In 1969, psychiatrist Elisabeth Kübler-Ross introduced what became known as the “five stages of grief.” These stages of grief were based on her studies of the feelings of patients facing terminal illness, but many people have generalized them to other types of negative life changes and losses, such as the death of a loved one or a break-up.

The five stages of grief

Denial: “This can’t be happening to me.”

Anger: “Why is this happening? Who is to blame?”

Bargaining: “Make this not happen, and in return I will ____.”

Depression: “I’m too sad to do anything.”

Acceptance: “I’m at peace with what happened.”

If you are experiencing any of these emotions following a loss, it may help to know that your reaction is natural and that you’ll heal in time.
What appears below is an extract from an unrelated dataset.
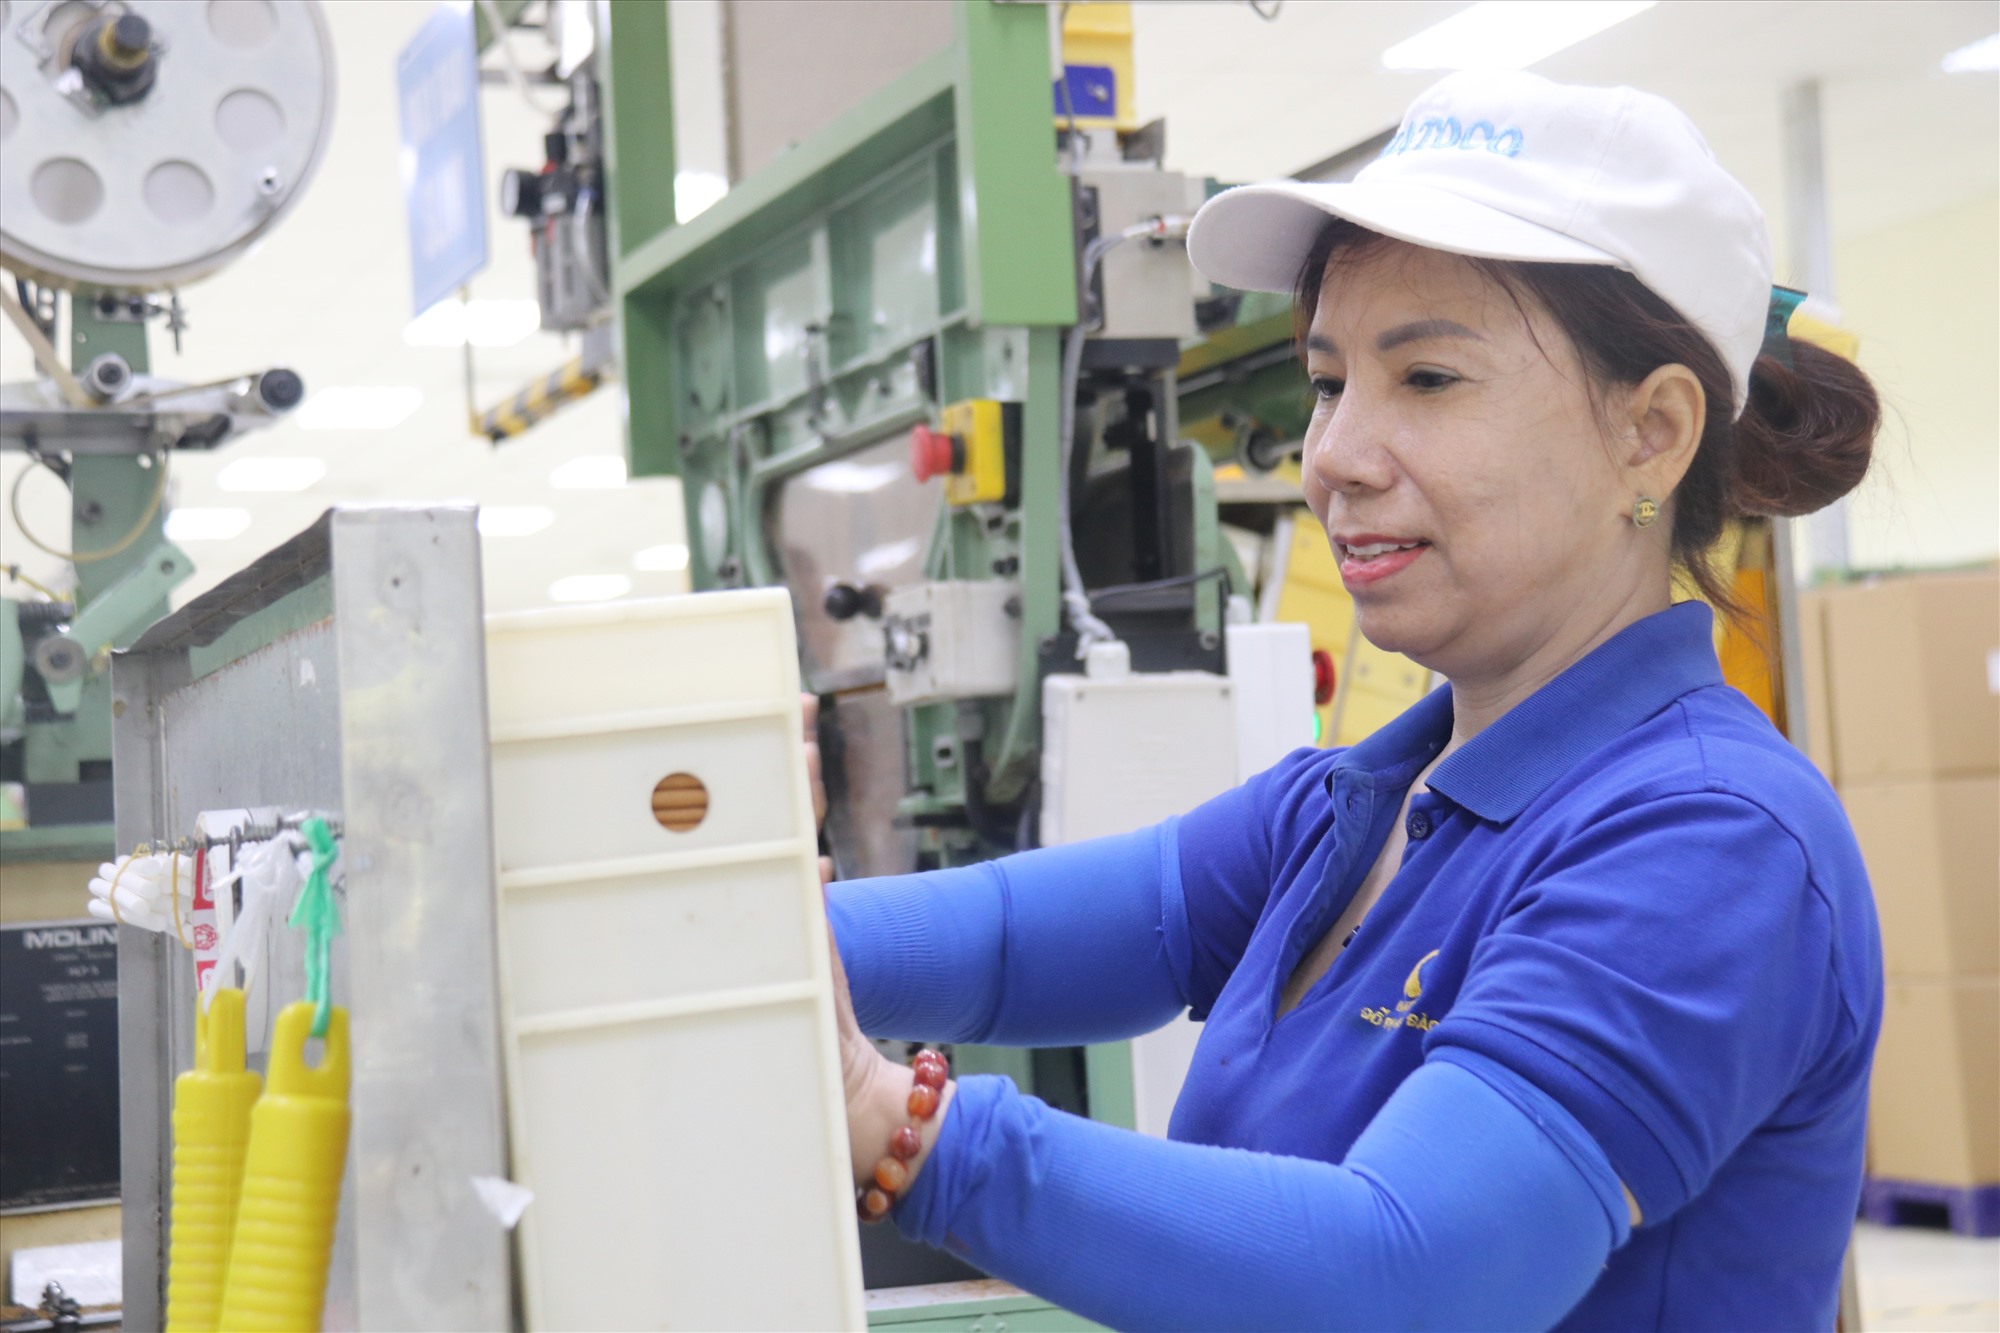 Người lao động Khatoco phấn khởi khi về nhà máy mới làm việc trong môi trường hiện đại, thoáng mát và chuyên nghiệp hơn. Ảnh: Phương Linh

However, not everyone who grieves goes through all of these stages—and that’s okay. Contrary to popular belief, you do not have to go through each stage in order to heal. In fact, some people resolve their grief without going through any of these stages. And if you do go through these stages of grief, you probably won’t experience them in a neat, sequential order, so don’t worry about what you “should” be feeling or which stage you’re supposed to be in.
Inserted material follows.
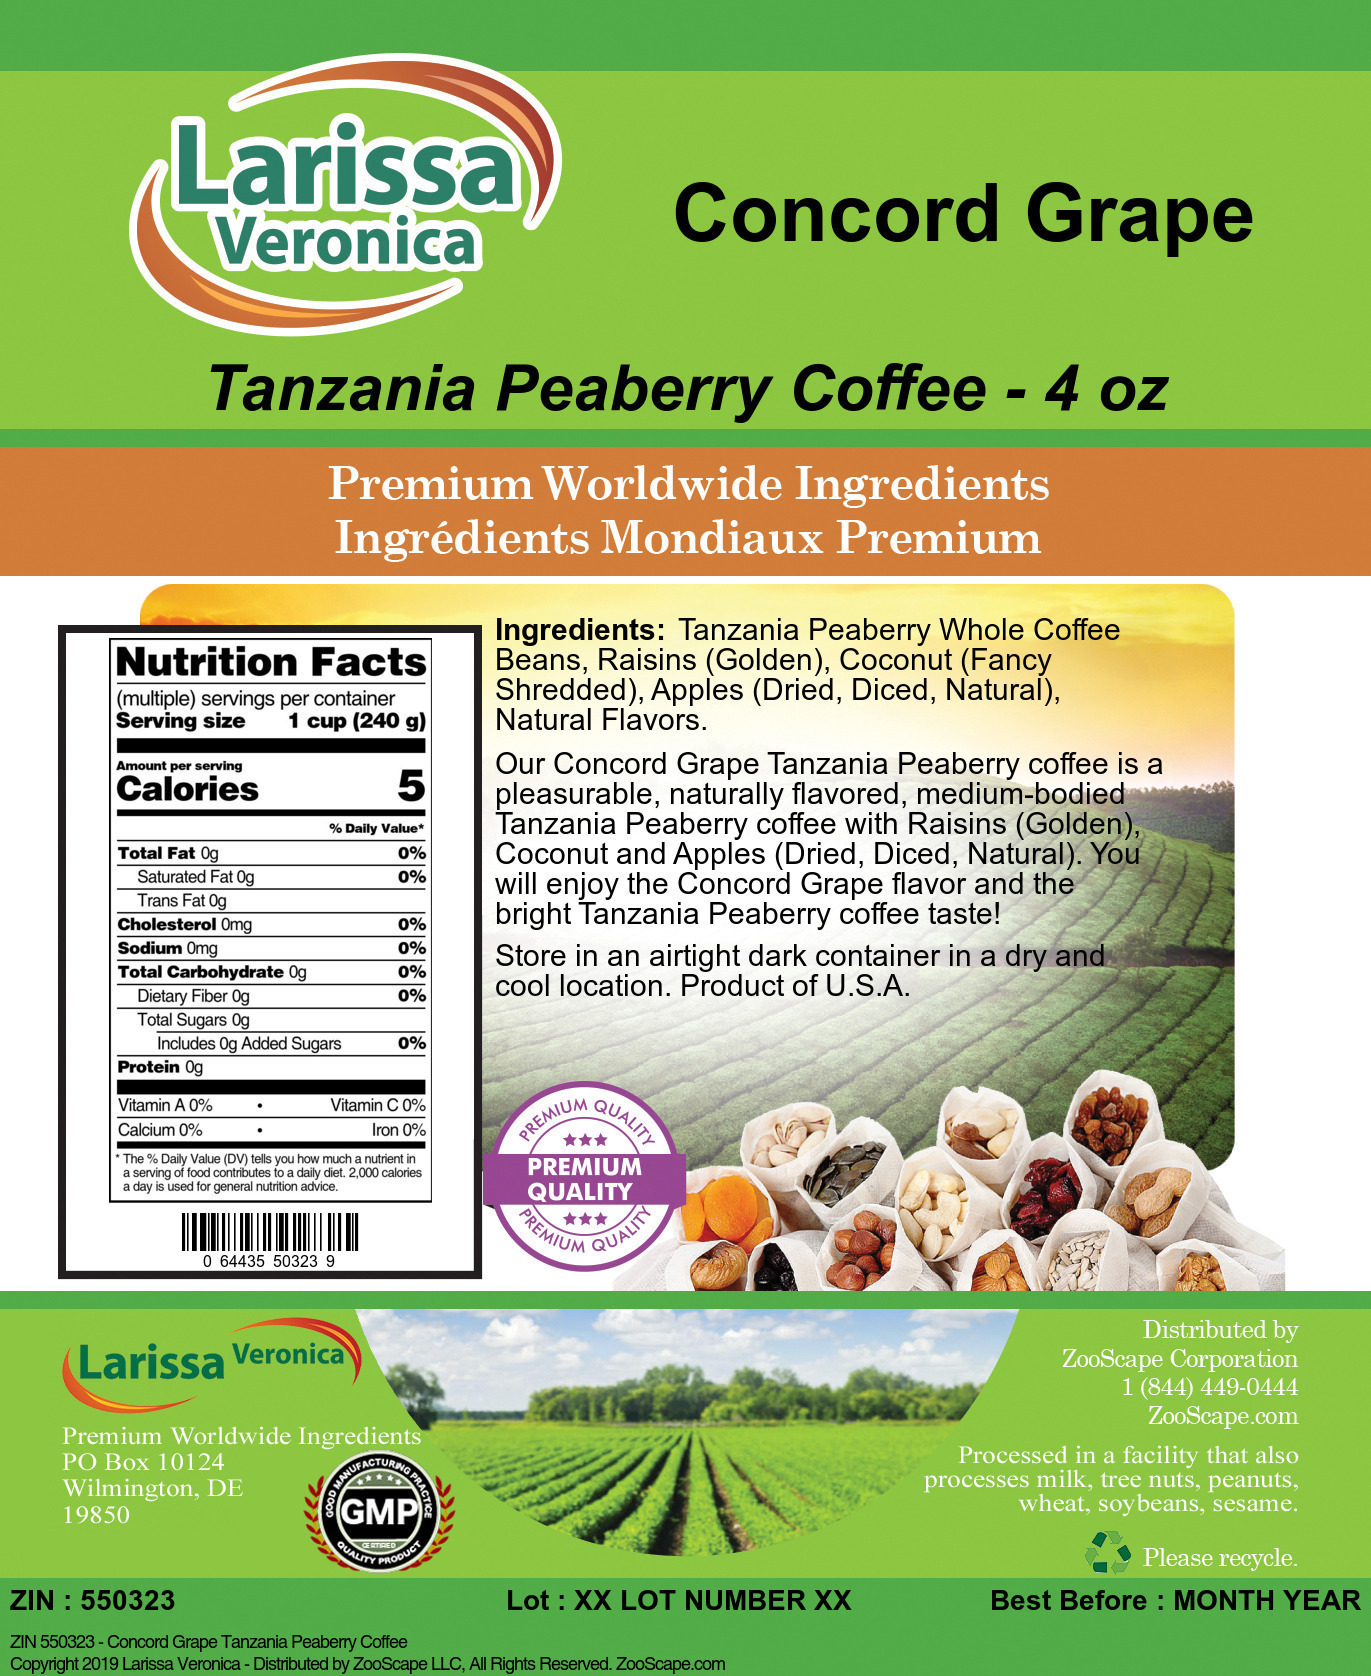 Concord Grape Tanzania Peaberry Coffee - Label

Instead of a series of stages, we might also think of the grieving process as a roller coaster, full of ups and downs, highs and lows. Like many roller coasters, the ride tends to be rougher in the beginning, the lows may be deeper and longer. The difficult periods should become less intense and shorter as time goes by, but it takes time to work through a loss. Even years after a loss, especially at special events such as a family wedding or the birth of a child, we may still experience a strong sense of grief.” (Source: Hospice Foundation of America)

Symptoms of grief

While loss affects people in different ways, many of us experience the following symptoms when we’re grieving. Just remember that almost anything that you experience in the early stages of grief is normal—including feeling like you’re going crazy, feeling like you’re in a bad dream, or questioning your religious or spiritual beliefs.
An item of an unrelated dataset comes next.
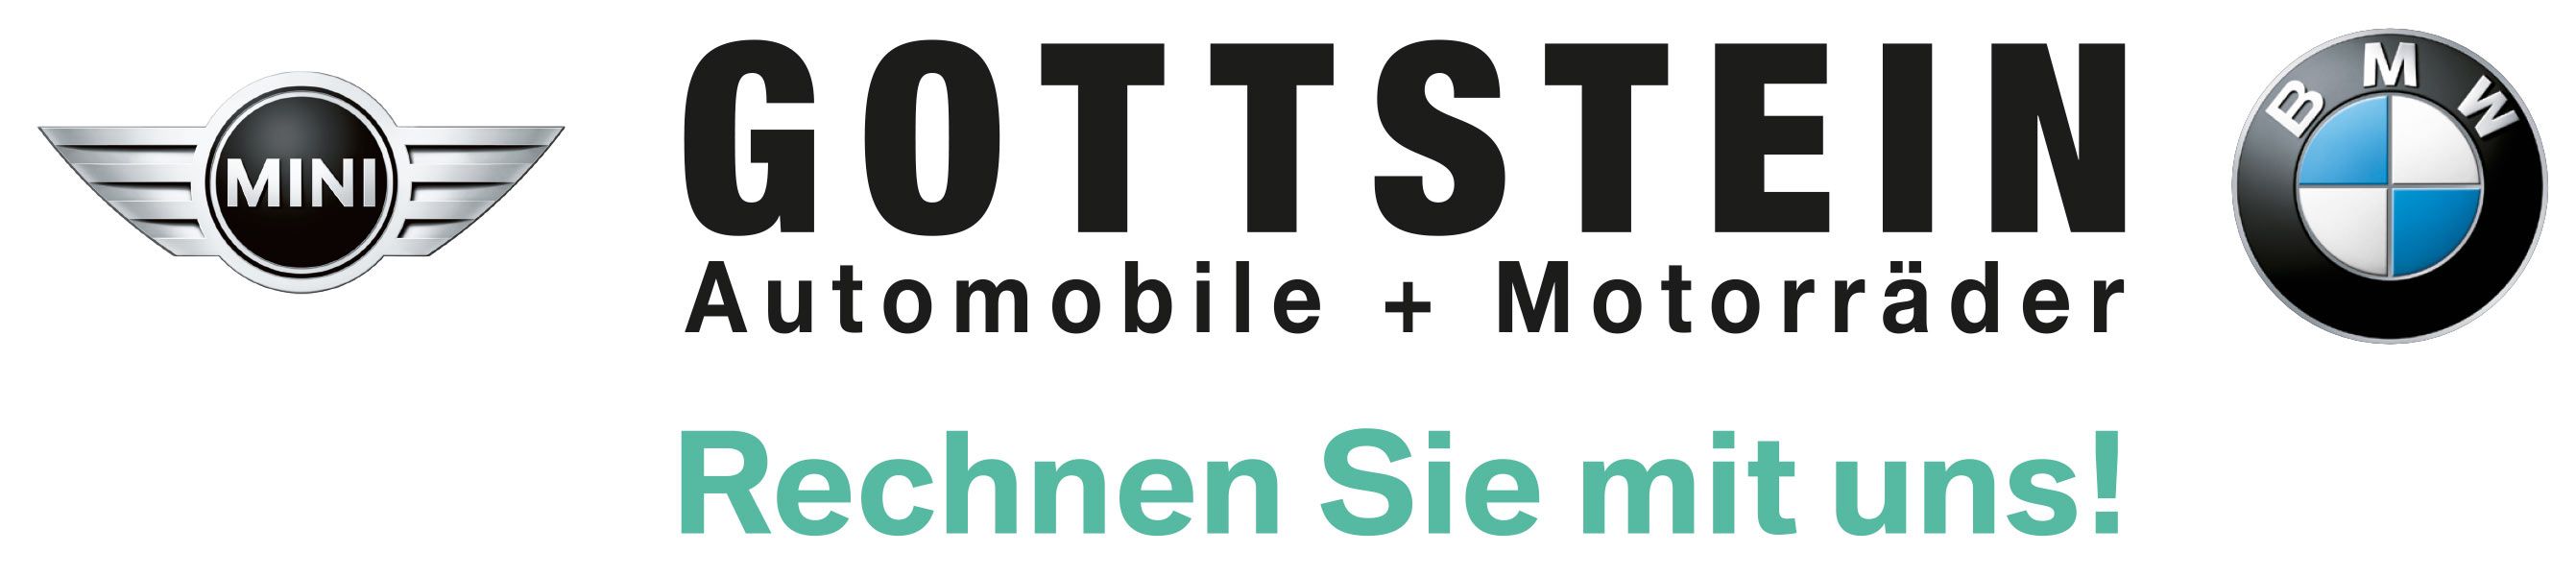 BMW Gottstein | Automobile & Motorräder

Emotional symptoms of grief

Shock and disbelief – Right after a loss, it can be hard to accept what happened. You may feel numb, have trouble believing that the loss really happened, or even deny the truth. If someone you love has died, you may keep expecting them to show up, even though you know they’re gone.

Sadness – Profound sadness is probably the most universally experienced symptom of grief. You may have feelings of emptiness, despair, yearning, or deep loneliness. You may also cry a lot or feel emotionally unstable.

Guilt – You may regret or feel guilty about things you did or didn’t say or do. You may also feel guilty about certain feelings (e.g. feeling relieved when the person died after a long, difficult illness). After a death, you may even feel guilty for not doing something to prevent the death, even if there was nothing more you could have done.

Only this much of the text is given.